Complement Of Coagulation Mechanisms And Whether It Is Suitable To Use Coagulants In Lakes For Removing Phosphate

Sweep coagulation could be clearly explained with the following information, which is the complement of the coagulation mechanism. The second new finding is that the “dissolved Al” in the supernatant is actually nanoparticles, at least during the period of the experiments. Both findings are a significant contribution to the water treatment industry, especially coagulation area.

This study may have broader implications for the release of Al from sediments into lake water, following the addition of coagulants to lower phosphorus concentrations. The results also suggest that the dosing of Al or Fe coagulants is probably not a suitable method for remediation of lake water.

Figure 1 Amorphous precipitated flocs/particles settled at the lake bed become/escape into crystallized nanoparticles in the lake water (light points in the black X-ray pictures confirmed the crystallization of nanoparticles). Republished with permission from Elsevier from https://doi.org/10.1016/j.watres.2018.06.063.

When aluminum salts are added to water at a relatively neutral pH, a precipitate of Al hydroxide quickly forms. Initially, the precipitate is in the form of nanoscale primary particles, which then aggregate to form flocs. The nature of the flocs depends on the solution composition — for instance, on the presence of humic acid (HA), which not only increases the size of the primary nanoparticles but also decreases the connection points between them. With or without the presence of HA, the nanoparticles become smaller with aging as a result of crystallization.

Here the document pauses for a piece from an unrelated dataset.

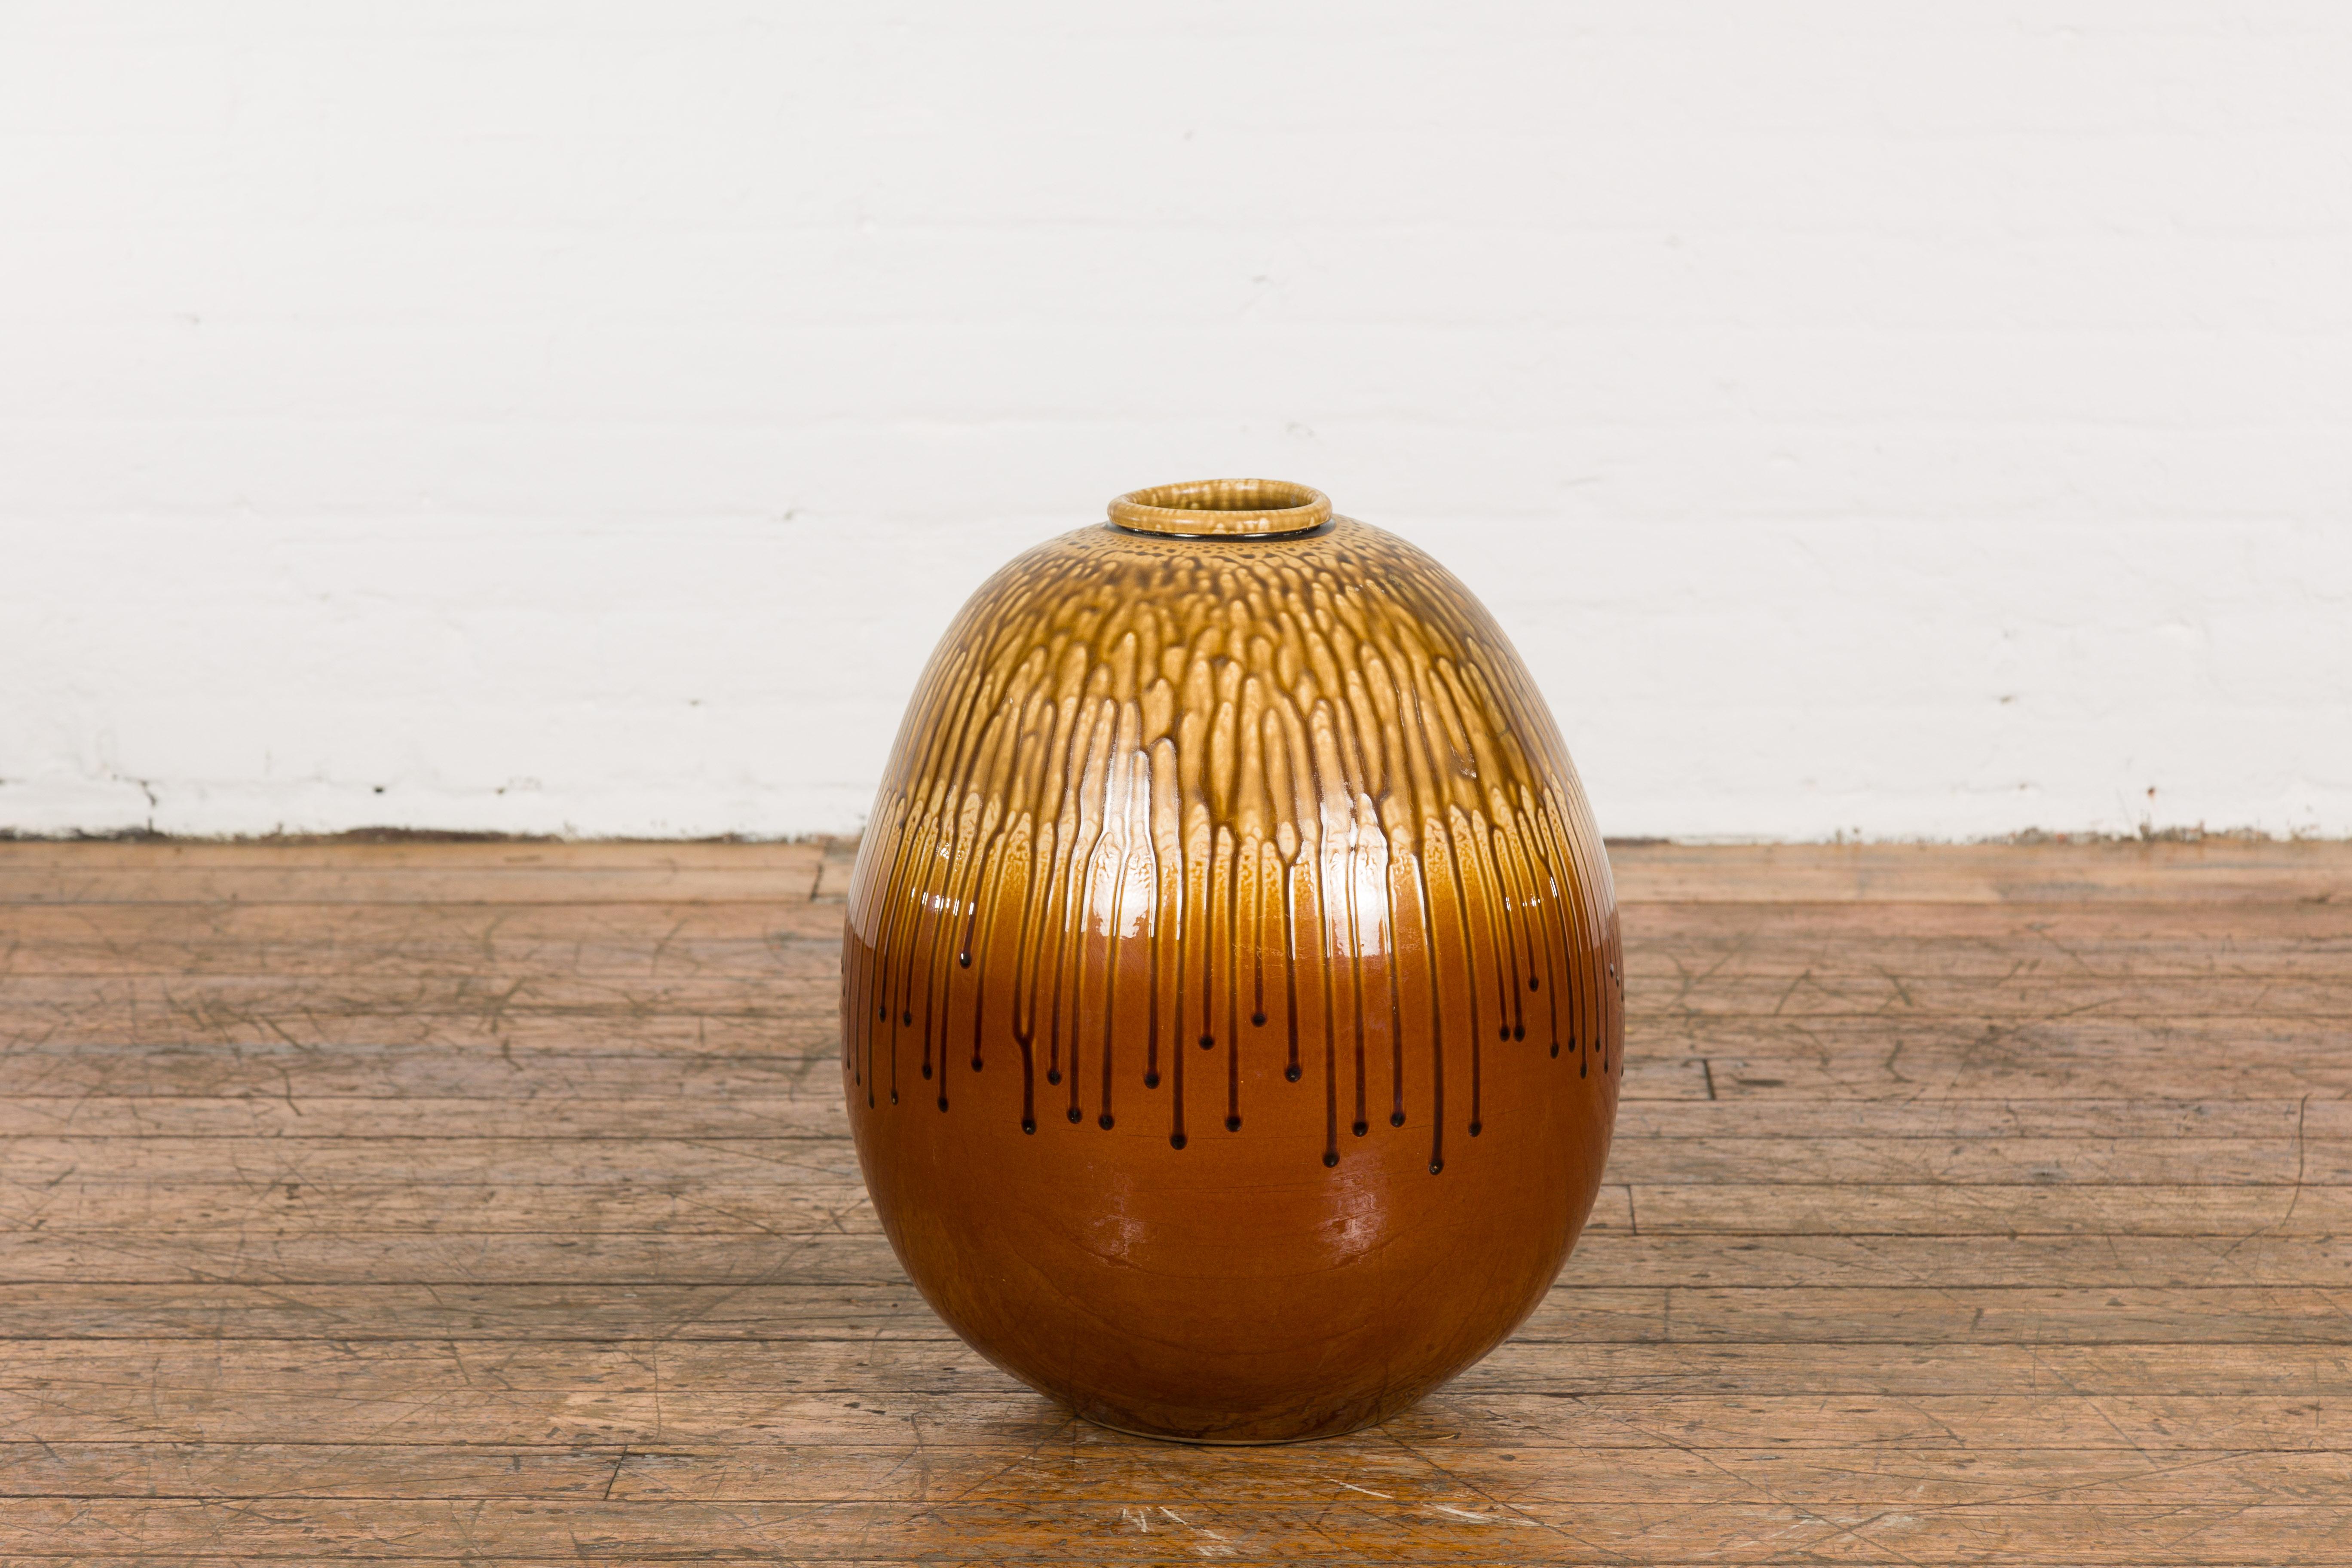 A Prem Collection ceramic artisan handcrafted two toned vase with brown, yellow and orange glaze and dripping motifs. Breathe life into your space with this artisan handcrafted ceramic vase from the Prem Collection. Displaying an exquisite blend of

The aggregated amorphous nanoparticles (settled flocs) undergo a room temperature structural modification best characterized as a disorder-to-order transition, following the elimination of water. During this process, the apparent Al concentration in the supernatant of water increases with age. The “dissolved Al” concentration in the supernatant becomes higher with increasing pH and, to some extent, in the presence of HA. However, it can be shown that the “dissolved Al” in the supernatant exists in the form of crystalline nano-particles or larger clusters, which are detached from the settled flocs. It means that adding coagulants to the water is not a suitable method to remove phosphate in the lake.

The results of transmission electron microscope (TEM) confirmed that HA only adsorbed on the surface of nanoparticles during the coagulation process, which shows precipitate nanoparticles formed firstly during sweep coagulation (one of the most important coagulation mechanism) before the adsorption of HA or complexed Al³⁺-HA. However, the adsorbed outer layer of HA does not change the crystallization process for the inner part of nano-particles.

Future work

Although the adsorption of HA on nanoparticle surface would decrease the hydroxyl bridges, as the nanoparticles adsorb the HA-Al³⁺ complex on the surface, the connection between these nanoparticles only decreased a little. Van der Waals force and chemical bonds are the two attractive forces between nanoparticles, and the chemical bonds of HA-Al³⁺ complex on the surface of nanoparticles determined the connection efficiency. Therefore, the structure of HA-Al³⁺ complex on the surface of nanoparticles would be investigated in the future, to explore its chemical and physical characteristics.

These findings are described in the article entitled Effect of crystallization of settled aluminum hydroxide precipitate on “dissolved Al”, recently published in the journal Water Research. This work was conducted by a team including Wenzheng Yu from Research Centre for Eco-Environmental Sciences, Chinese Academy of Sciences, Lei Xu from University College Dublin, and Kaiyu Lei from Imperial College London, and John Gregory from University College London.